Treatment_ID Start_Date Valid Break_Months Elapsed Last1 47 0098 2012-10-01 2016-07-30 1 47 2 48 0098 2012-10-01 2016-08-31 1 48 2 49 0031 2016-09-01 2016-09-30 0 1 48 50 0031 2016-09-01 2016-10-30 1 2 48 51 0031 2016-09-01 2016-11-30 1 3 48 52 0031 2016-09-01 2016-12-30 1 4 48 53 0031 2016-09-01 2017-01-30 1 5 48 54 0031 2016-09-01 2017-03-02 1 6 48 55 0031 2016-09-01 2017-03-30 1 7 48 56 0012 2017-03-01 2017-03-30 6 1 7
For Last2 variable Last2 I use the following code:
#Compute Last2 DF$Last2=NA DF$Last2[1]=0 for(k in c(2:length(DF$Last2))) { DF$Last2[k]=ifelse(DF$Treatment_ID[k]==DF$Treatment_ID[k-1],DF$Last2[k-1], ifelse(DF$Treatment_ID[k]!=DF$Treatment_ID[k-1],DF$Break_Months[k],0)) }
In this case, it seems to have worked, but it is not. Although 6 is true, the comparison is not very well defined, since 0012 and 0031 have the same Valid date, and the optimal observation uses the latest observation from group 0098 . Therefore, the value of Break_Months . Again, I could not fix the loop with the correct logic defined with last_obs_index .

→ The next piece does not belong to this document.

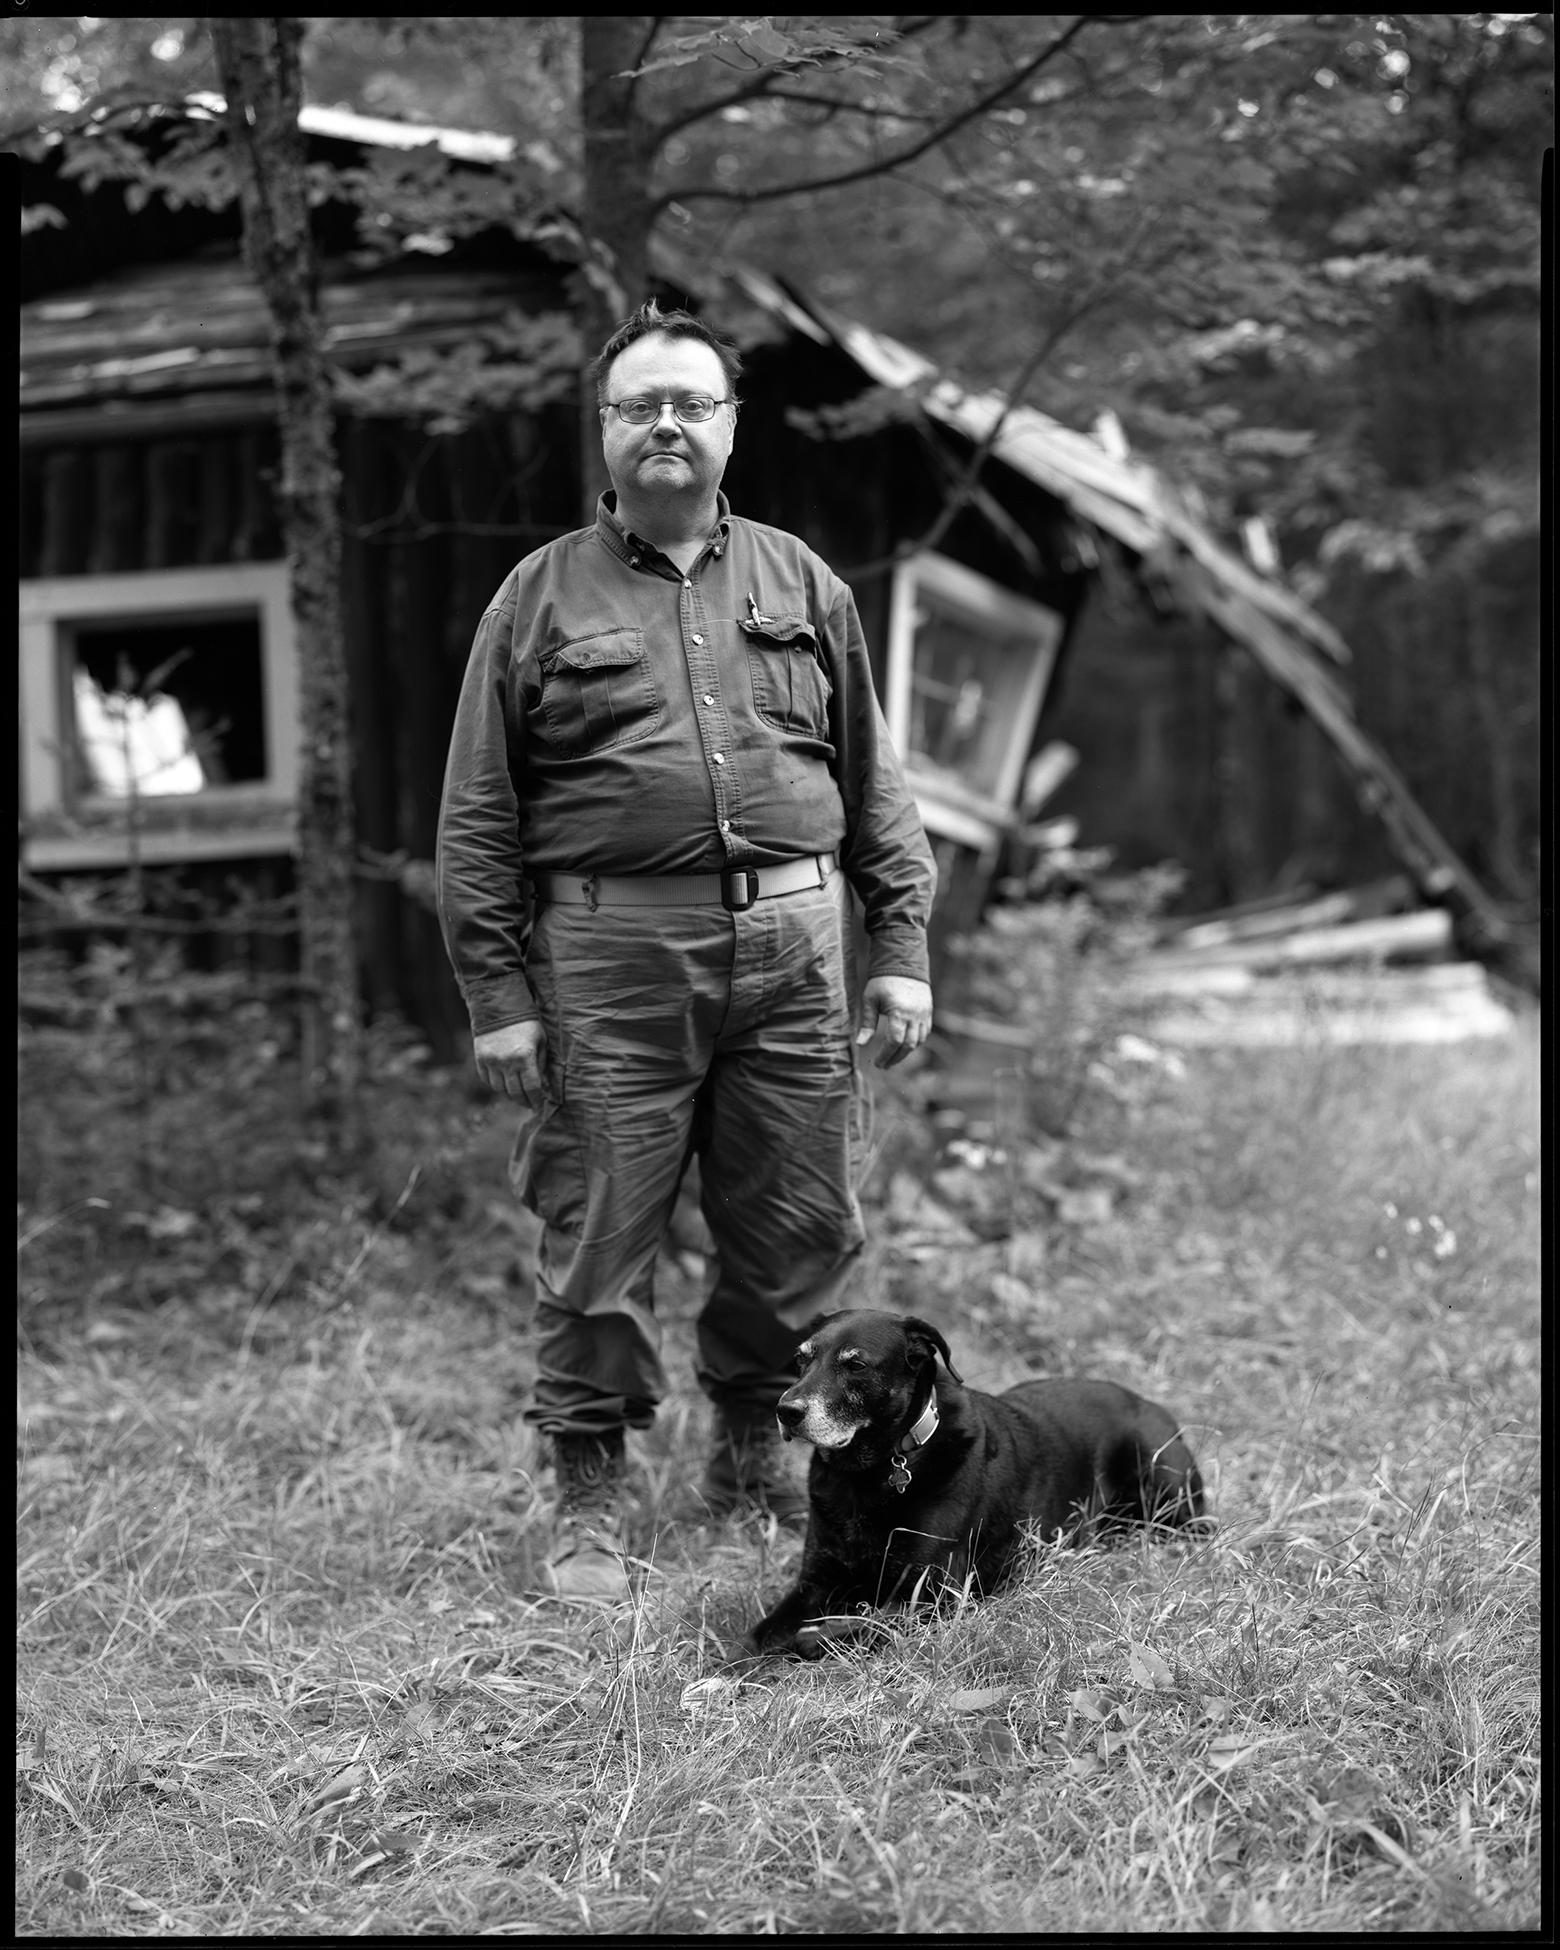 John looks into the camera as he stands outside of the cabin his father and grandfather took him to as a child in Two Harbors, Minnesota. A medium-size black dog is in the grass at his feet.

Treatment_ID Start_Date Valid Break_Months Elapsed Last1 Last2 47 0098 2012-10-01 2016-07-30 1 47 2 4 48 0098 2012-10-01 2016-08-31 1 48 2 4 49 0031 2016-09-01 2016-09-30 0 1 48 0 50 0031 2016-09-01 2016-10-30 1 2 48 0 51 0031 2016-09-01 2016-11-30 1 3 48 0 52 0031 2016-09-01 2016-12-30 1 4 48 0 53 0031 2016-09-01 2017-01-30 1 5 48 0 54 0031 2016-09-01 2017-03-02 1 6 48 0 55 0031 2016-09-01 2017-03-30 1 7 48 0 56 0012 2017-03-01 2017-03-30 6 1 7 6
Thanks for all the help this time, is it possible to get tips on how to adapt the loops to properly compare comparisons.